**To do**
When you reach the line containing "Karma is a Cat", please repeat it and every line after it exactly, through the end of the listing below, skipping pictures.

**Dataset content**
- Opening Delimiter -

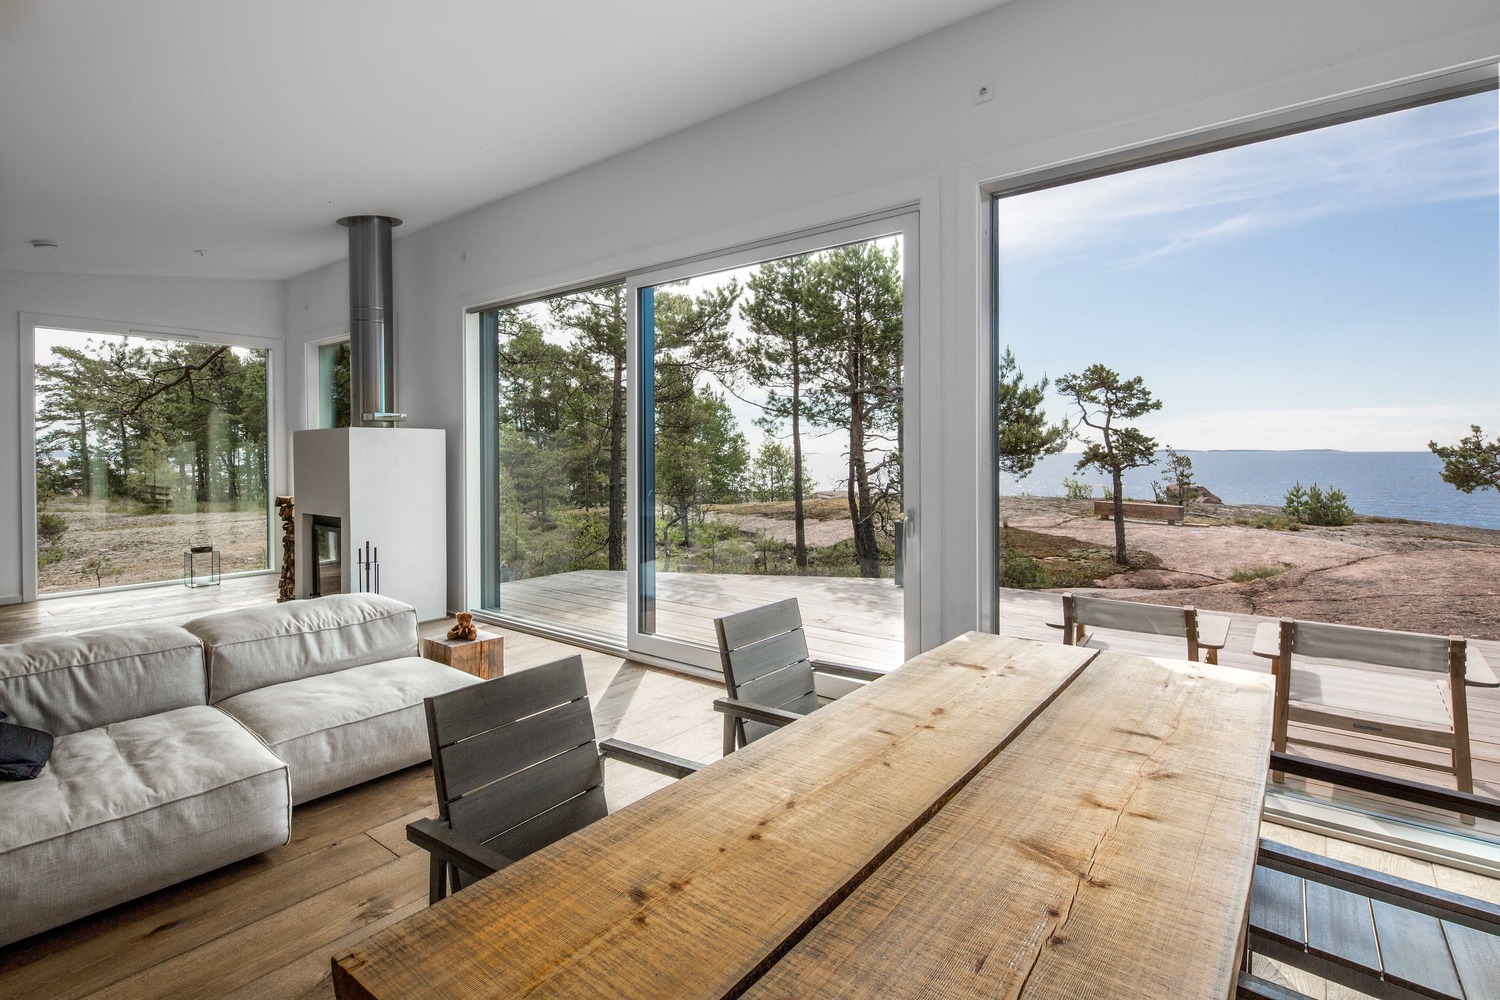 Summer House on the Baltic Sea Island  Pluspuu Oy
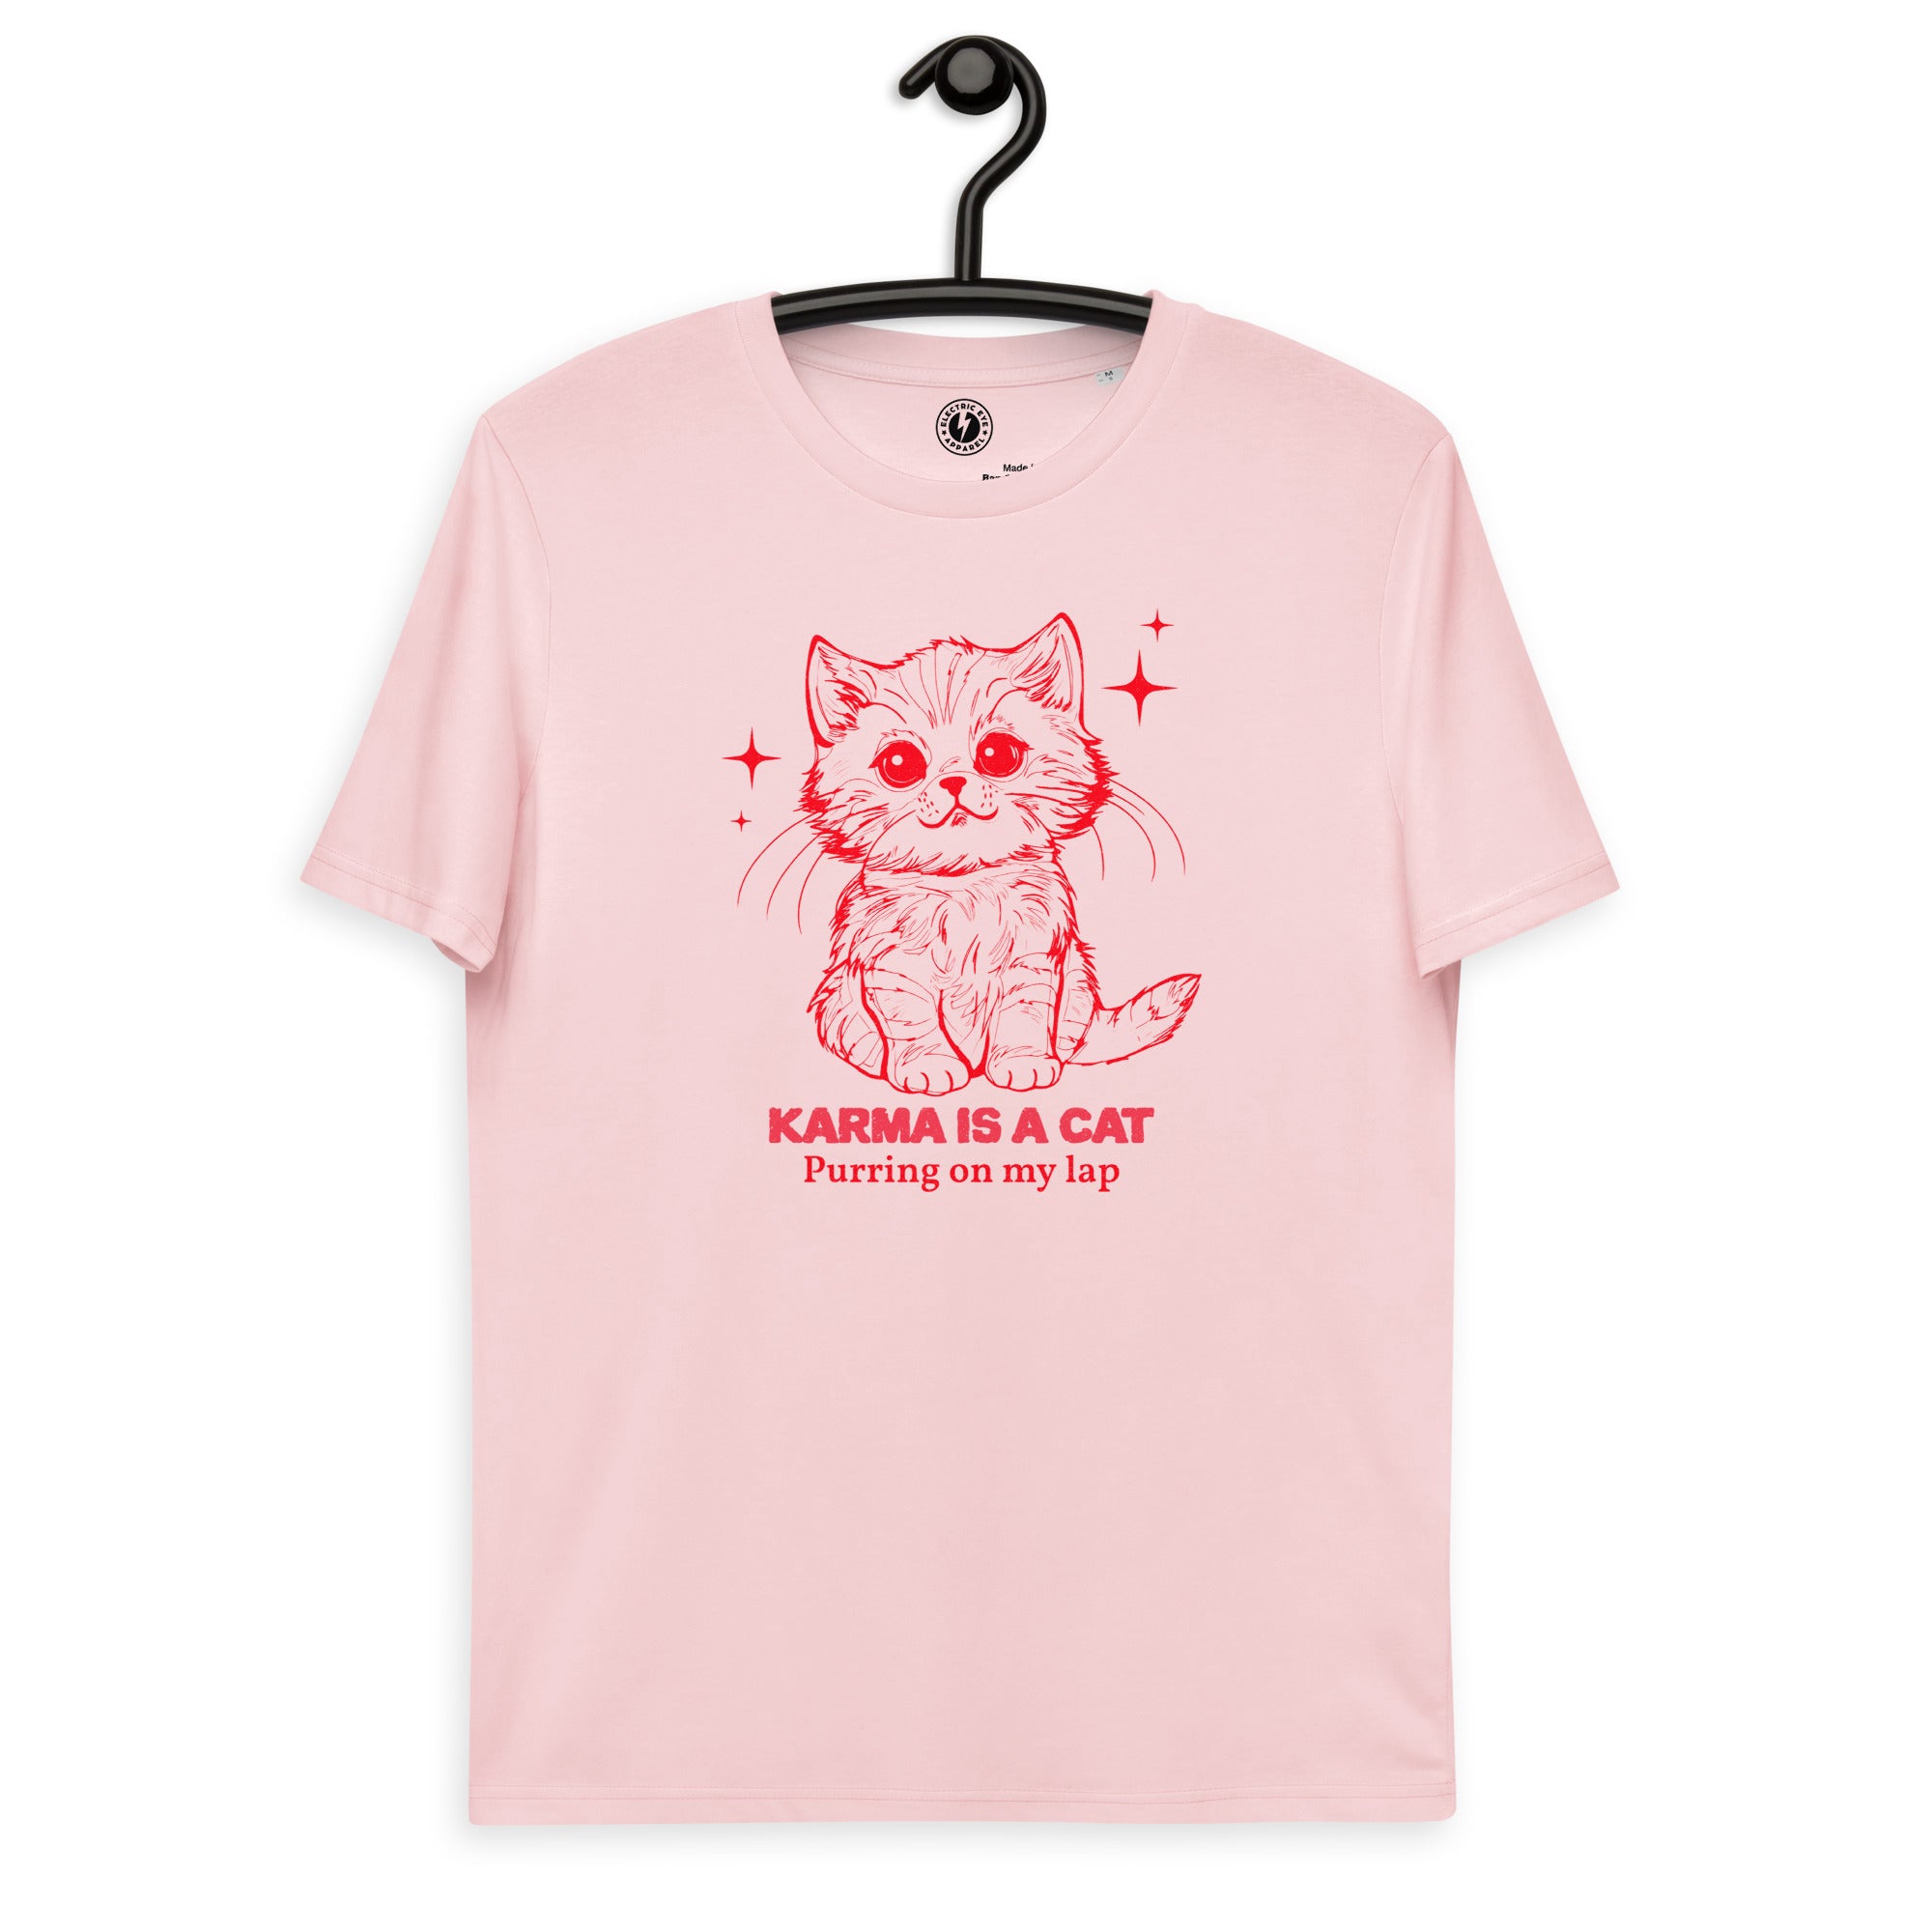 Karma is a Cat Vintage Illustration Printed Unisex organic cotton t-shirt (red print)
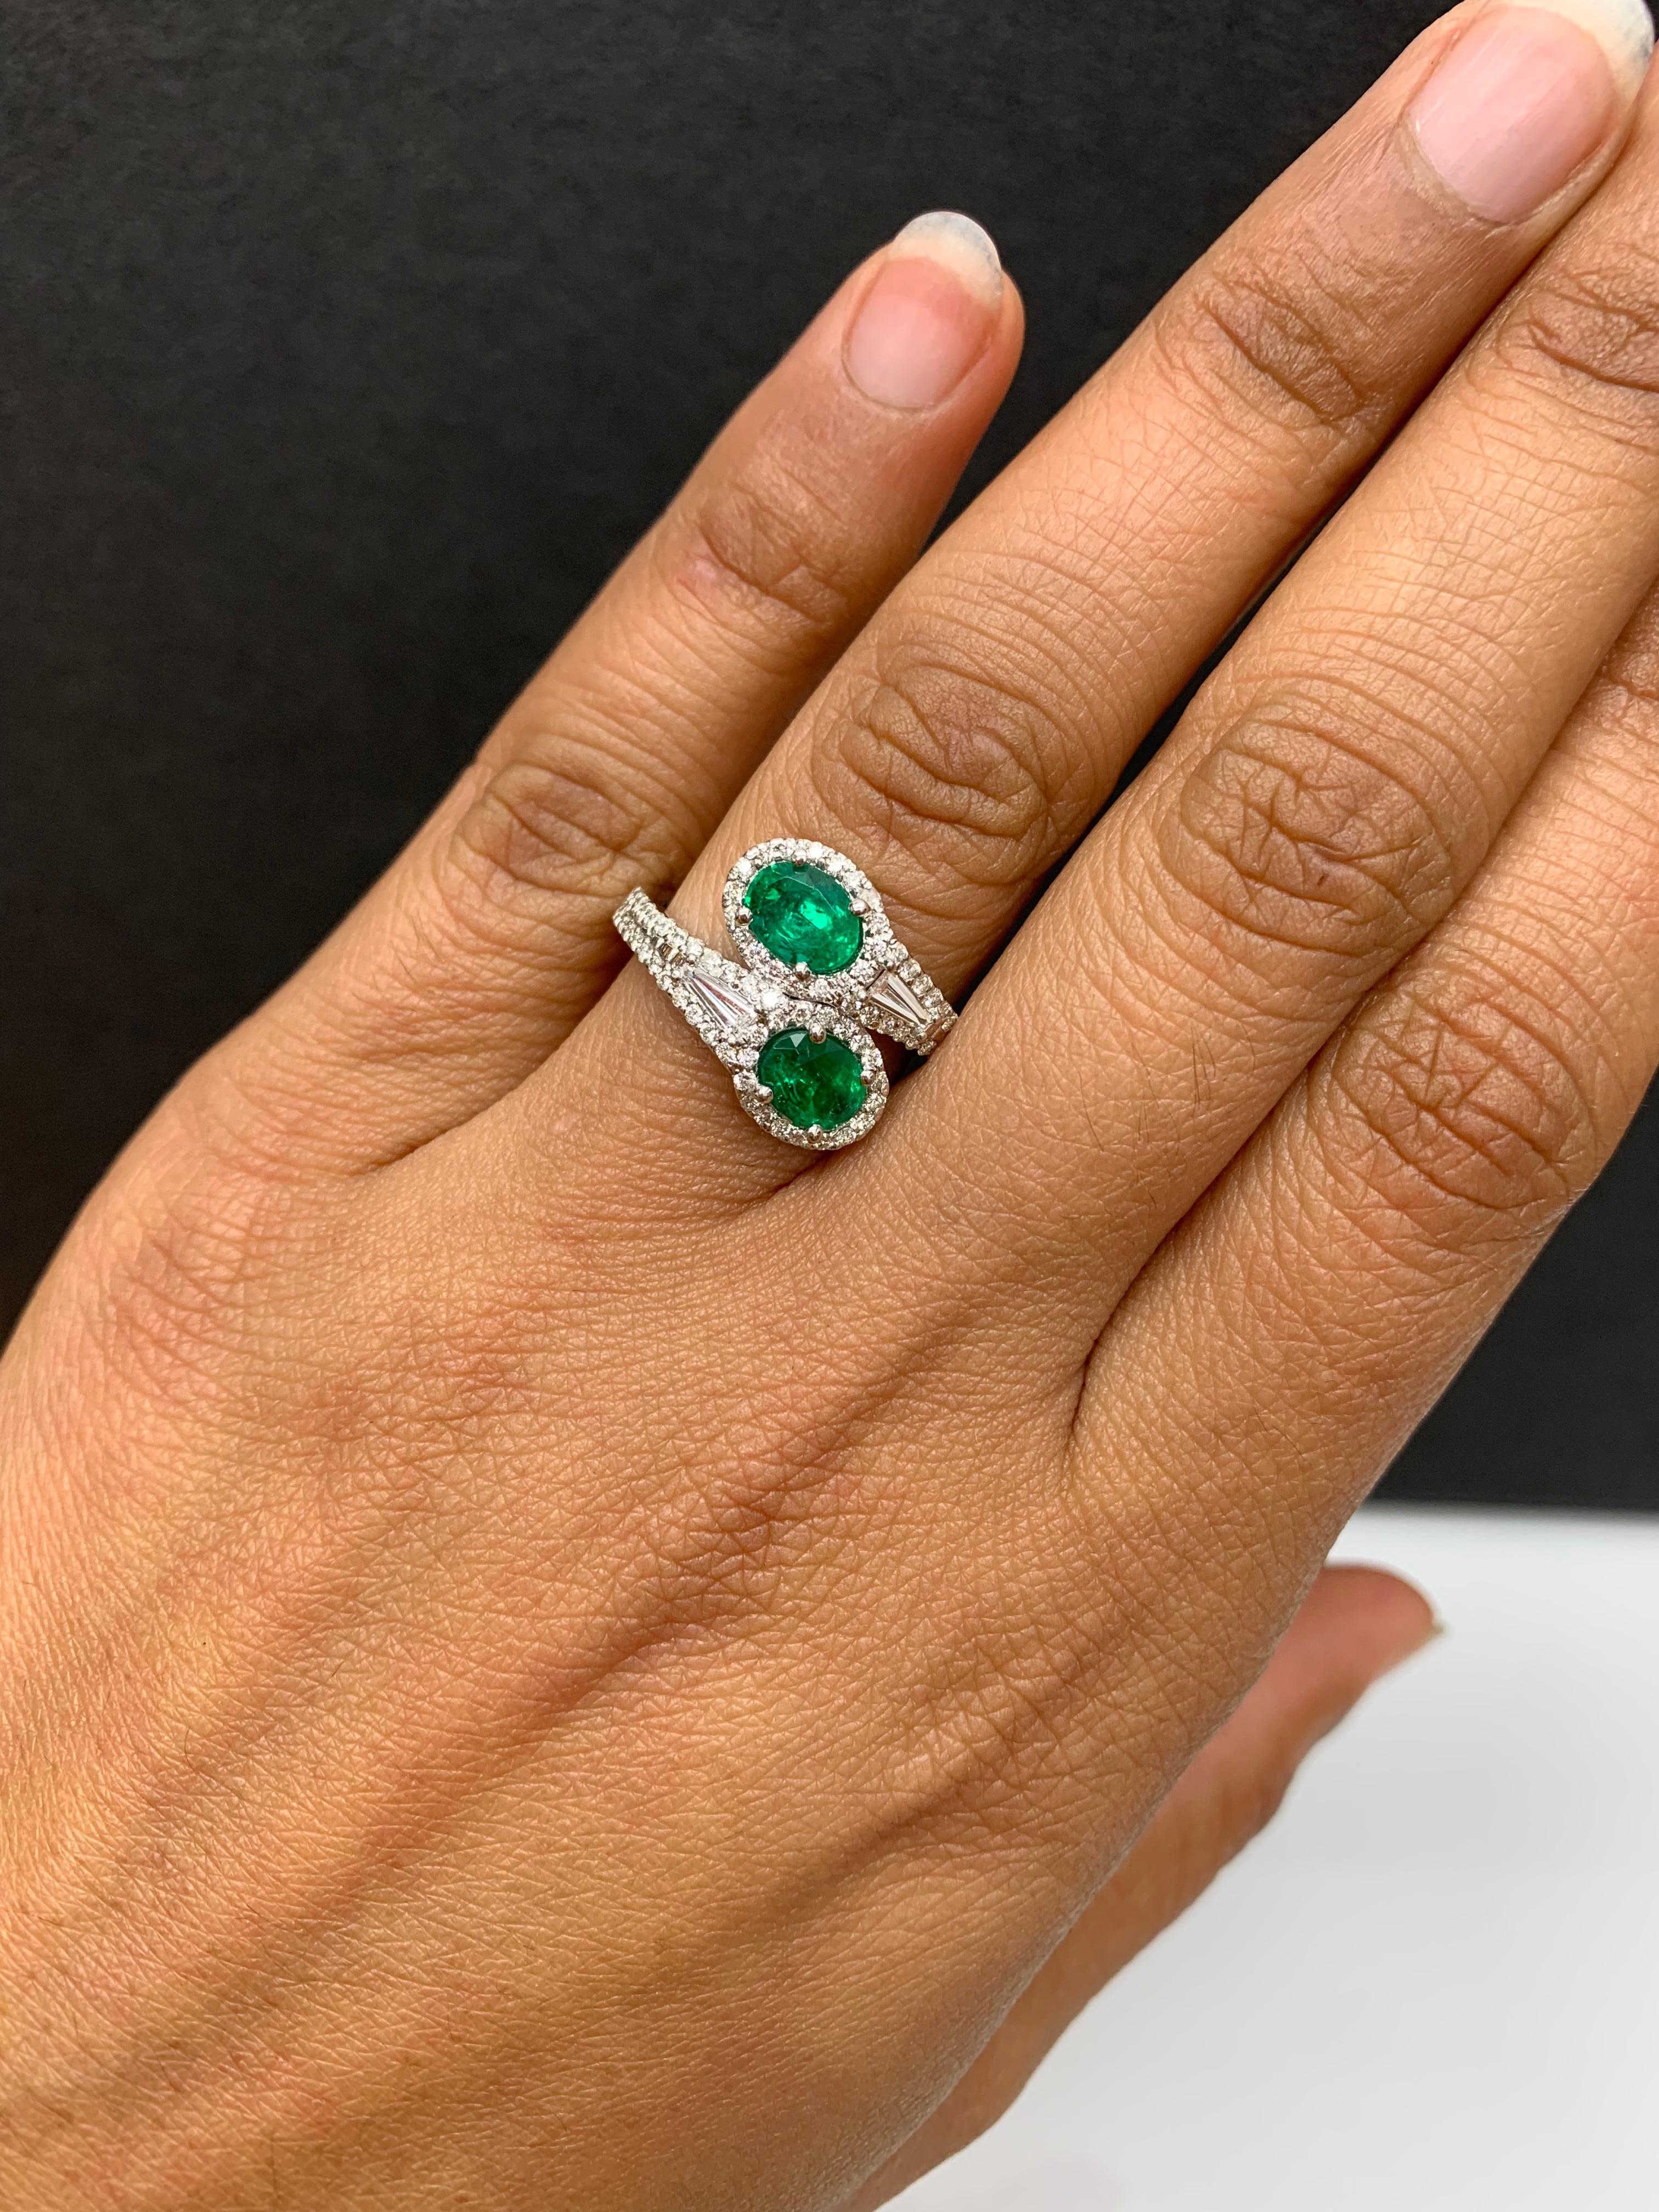 Modern 1.52 Carat Oval Cut Emerald Diamond Toi et Moi Engagement Ring 14K White Gold For Sale

- Closing Delimiter -

**Your response**
 Karma is a Cat Vintage Illustration Printed Unisex organic cotton t-shirt (red print)
 Modern 1.52 Carat Oval Cut Emerald Diamond Toi et Moi Engagement Ring 14K White Gold For Sale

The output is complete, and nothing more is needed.